Yu.A. Bryukhanov – Dr.Sc.(Eng.), Professor, Head of Department of Infocommunications and Radiophysics,
P.G. Demidov Yaroslavl State University
Е-mail: bruhanov@uniyar.ac.ru
Yu.A. Lukashevich – Electronic Engineer,
Department of Infocommunications and Radiophysics, P.G. Demidov Yaroslavl State University
Е-mail: dcslab@uniyar.ac.ru
The effect of quantization errors on the distortion and noise immunity of receiving signals with amplitude pulse modulation for an arbitrary number of bits is studied for different methods of coding and approximation of numbers. A nonlinear quantization model is used, which allows one to calculate processes for an arbitrary number of quantization levels. To isolate the modulating signal, a synchronous quadrature amplitude detector was used. The envelopes of radio pulses are calculated: non-quantized and quantized for different methods of approximating numbers represented in direct and additional codes. The dependences of the mean-square error of the envelope on the number of discharges during signal quantization are presented. The calculations of the probability of errors of reception of non-quantized and quantized signals are performed. It is shown that the probability of erroneous reception of signals is affected not only by the number of digits, but also by the size of the alphabet. This is due to the fact that in the process of quantization of part of the symbols of the alphabet, the number of levels of quantization of the signal decreases.

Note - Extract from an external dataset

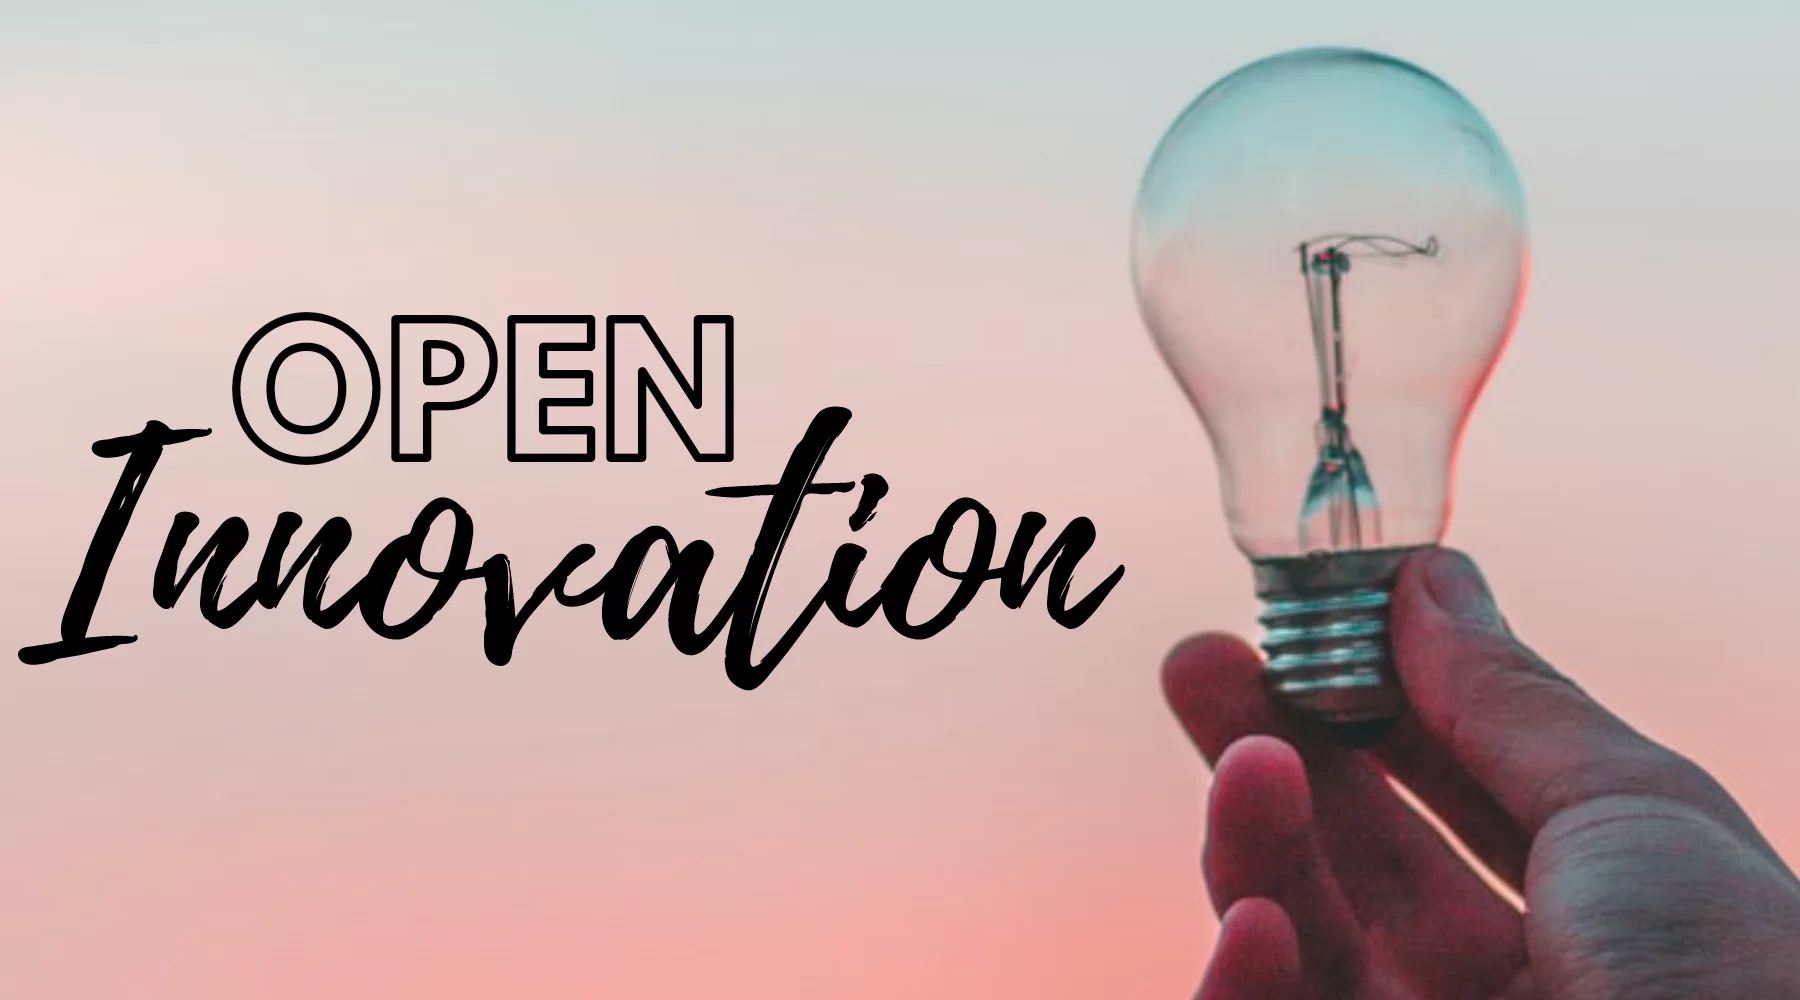 Icona Technology S.p.A. dhe Xplo S.r.l.: bashkëpunim në emër të Open Innovation për lançimin e "Servicely for Service Hub" në treg

Studies on the effect of quantization on distortion of radio signals are of particular importance, since at present in radio receivers, analog pre-detector signal processing is replaced by digital, and functions of the physical level previously performed by hardware methods (filtering, modulation/demodulation, spectrum conversion, signal amplification, etc.) gradually give way to software-configurable (Software Defined Radio – SDR) and cognitive (Cognitive Radio – CR) methods. The purpose of the work is to study the effect of quantization errors on distortions and noise immunity of receiving signals with amplitude pulse modulation for an arbitrary number of bits R, for different methods of encoding and approximating numbers. A nonlinear quantization model is used. To isolate the modulating signal at the output of the quantizer, a synchronous quadrature amplitude detector was used.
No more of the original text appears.